Address: J Smith 123 Example St
City: LA State: CA Zip: 85001
Our ground truth says it should be rendered as such:
Address Line 1: J Smith
Address Line 2: 123 Example St
City: LA
State: CA
ZipCode: 85001
However our model outputs it thusly:
Address Line 1: J Smith 123 Example St
Address Line 2:
City: LA
State: CA
ZipCode: 85001
That may be true, as there is only 1 address line and we have a field for "Address Line 1", but it is not correct. Sure, there may be a problem with our taxonomy, training data, or any other number of other things, but as far as ground truth goes it is not correct.
Are you trying to tell me that the COCO labelling of the cars is what you call correct?
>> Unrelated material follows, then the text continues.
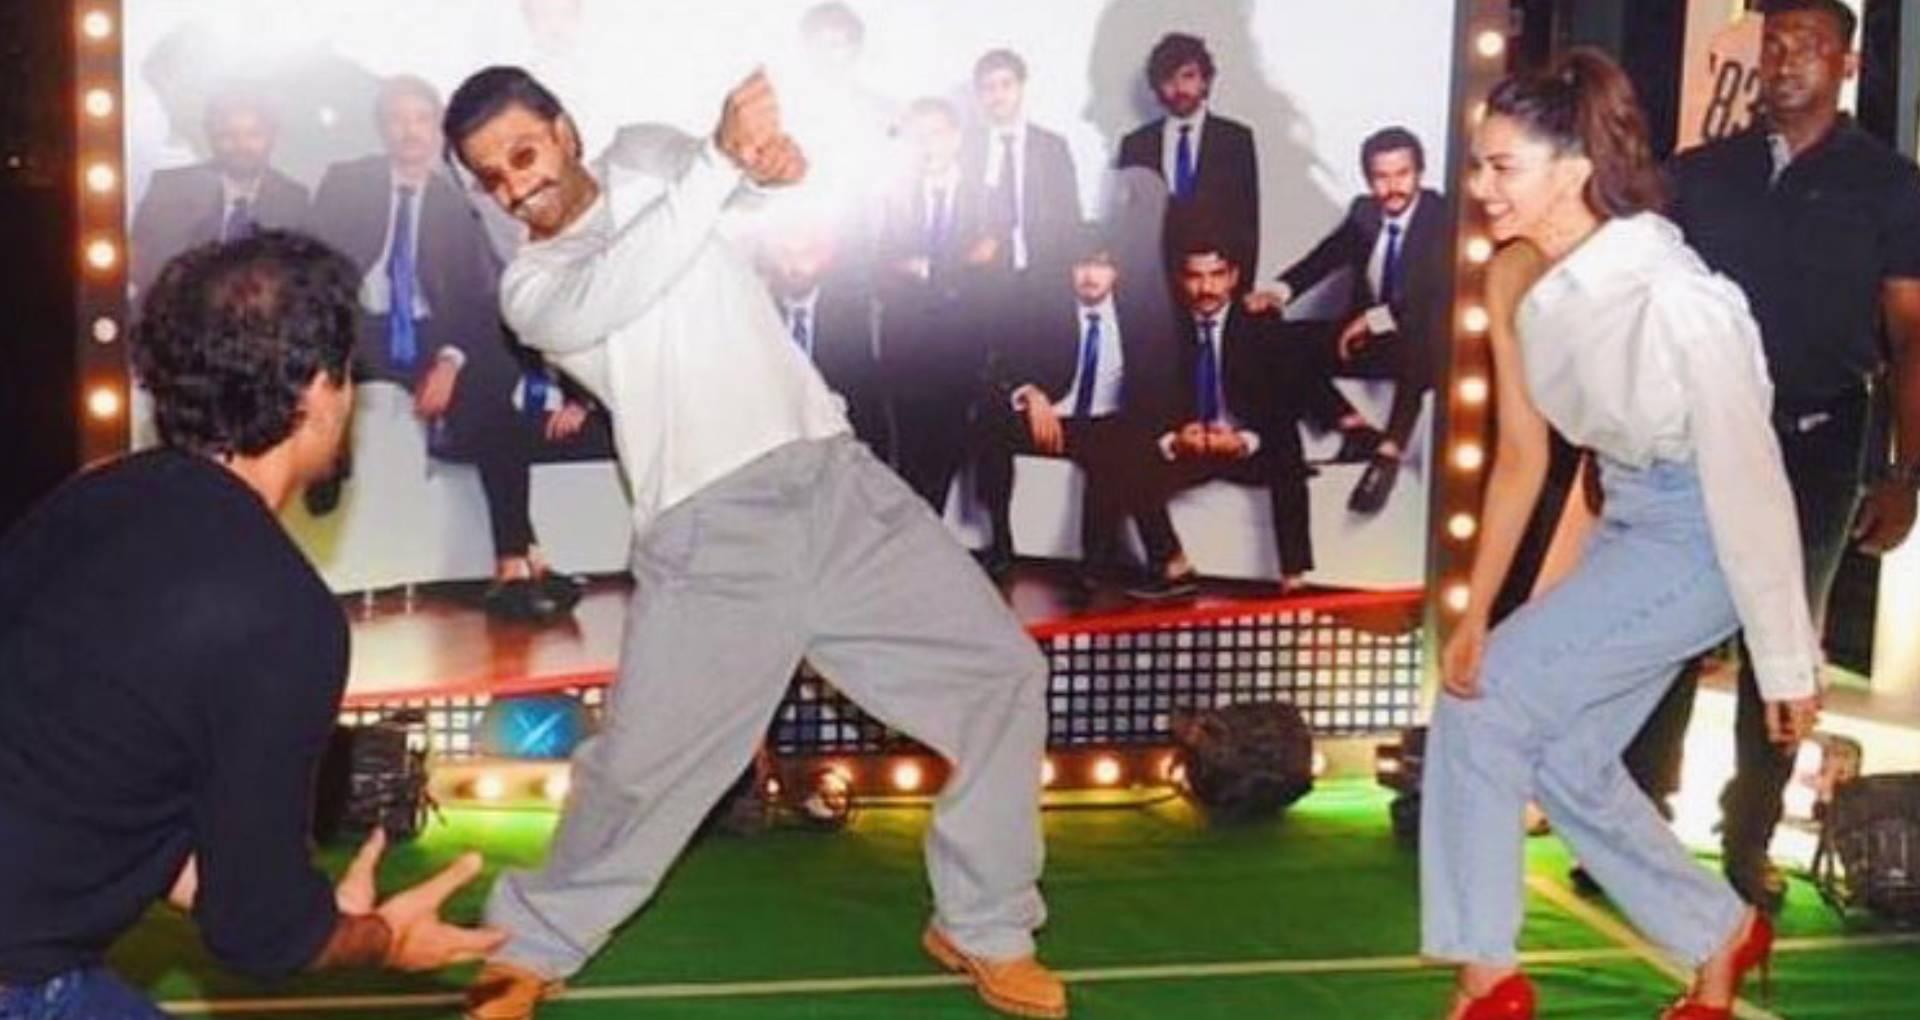 VIDEO: फिल्म 83 की रैपअप पार्टी में दीपिका पादुकोण-रणवीर सिंह ने मचाया धमाल, साथ खेला क्रिकेट और किया डांस

If, as it seems in the article, they are using COCO to establish ground truth, i.e. what COCO says is correct, then whatever COCO comes up with is, by definition "correct". It is, in effect, the answer, the measuring stick, the scoring card. Now what you're hinting at is that, in this instance, that's a really bad way to establish ground truth. I agree. But that doesn't change what is and how we use ground truth.
Think of it another way:
- Your job is to pass a test.
- To pass a test you must answer a question correctly.
- The answer to that question has already been written down somewhere.
To pass the test does your answer need to be true, or does it need to match what is already written down?
When we do model evaluation the answer needs to match what is already written down.